Income Statement Changes
Excluding acquisition-related items, the Company's noninterest income increased by $281,000, or 19.4%, for the first quarter of 2011. This increase was largely due to a $158,000 increase in service charges on deposit accounts, a $27,000 increase in mortgage banking income and a $113,000 increase in other noninterest income.
Noninterest expense increased by $1.3 million, or 20.7%, during the first quarter of 2011 to $7.7 million for the quarter ended March 31, 2011. This increase was primarily related to the Bank of Hiawassee acquisition and increased credit-related expenses arising from the disposition of troubled assets. As a result of the acquisition, the Company added five additional offices, for a total of 21 offices.
About Citizens South Banking Corporation
Citizens South Bank was founded in 1904 and is headquartered in Gastonia, North Carolina. Deposits are FDIC insured up to applicable regulatory limits. At March 31, 2011, the Company had $1.0 billion in assets with 21 full-service offices in the Charlotte and North Georgia regions, including Gaston, Iredell, Rowan, Mecklenburg, and Union counties in North Carolina, York County in South Carolina, and Towns, Union, and Fannin counties in Georgia. Citizens South Bank is an Equal Housing Lender and Member, FDIC. The Bank is a wholly-owned subsidiary of Citizens South Banking Corporation, and shares of the common stock of the Company trade on the NASDAQ Global Market under the ticker symbol "CSBC." The Company maintains a website at that includes information on the Company, along with a list of products and services, branch locations, current financial information, and links to the Company's filings with the SEC.

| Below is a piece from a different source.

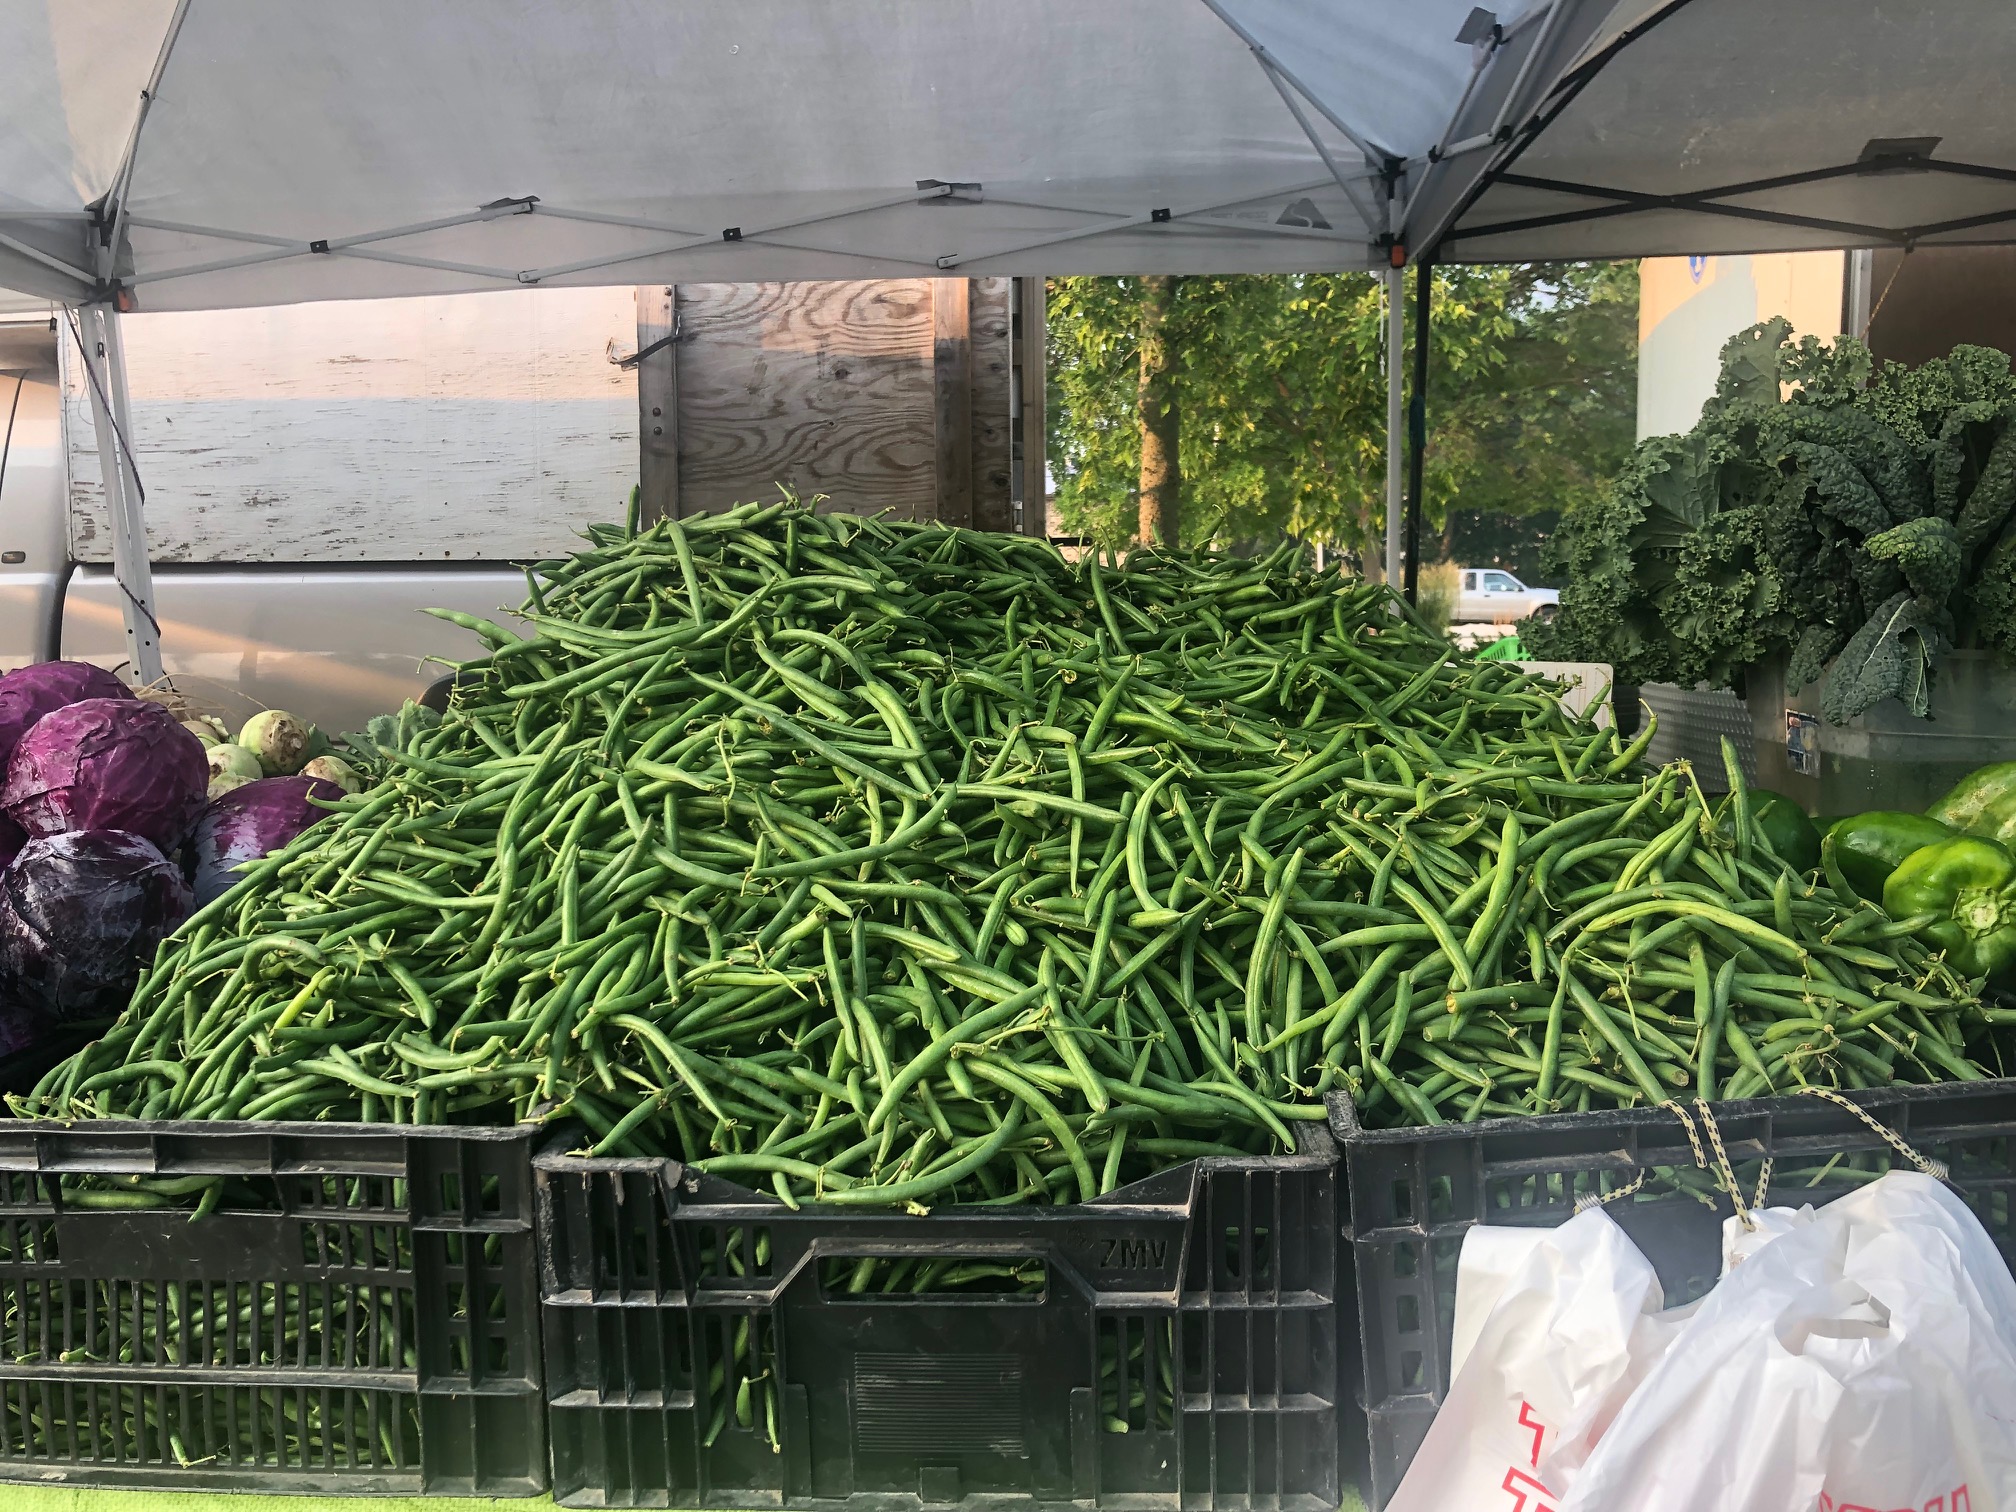 In two giant black plastic containers, a mountain of fresh green beans sits waiting to be sold at the farmers' market. Photo by Alyssa Buckley.

The Citizens South Banking Corporation logo is available at
Forward-looking Statements
This news release contains certain forward-looking statements which include, but are not limited to, statements of our earnings expectations, statements regarding our operating strategy, and estimates of our future costs and benefits. These forward-looking statements are based on our current beliefs and expectations and are inherently subject to significant business, economic and competitive uncertainties and contingencies, many of which are beyond our control. In addition, these forward-looking statements are subject to assumptions with respect to future business strategies and decisions that are subject to change. Forward-looking statements speak only as of the date they are made and the Company is under no duty to update these forward-looking statements to reflect circumstances or events that occur after the date of the forward-looking statements or to reflect the occurrence of unanticipated events. A number of factors could cause actual conditions, events or results to differ significantly from those described in the forward-looking statements. Factors that could cause such a difference include, but are not limited to, changes in general economic conditions – either locally or nationally, competition among depository and financial institutions, the continuation of current revenue and expense trends, significant changes in interest rates, unforeseen changes in the Company's markets, and legal, regulatory, or accounting changes. The Company's reports filed from time to time with the Securities and Exchange Commission, including the Company's Form 10-K for the year ended December 31, 2010, describe some of these factors.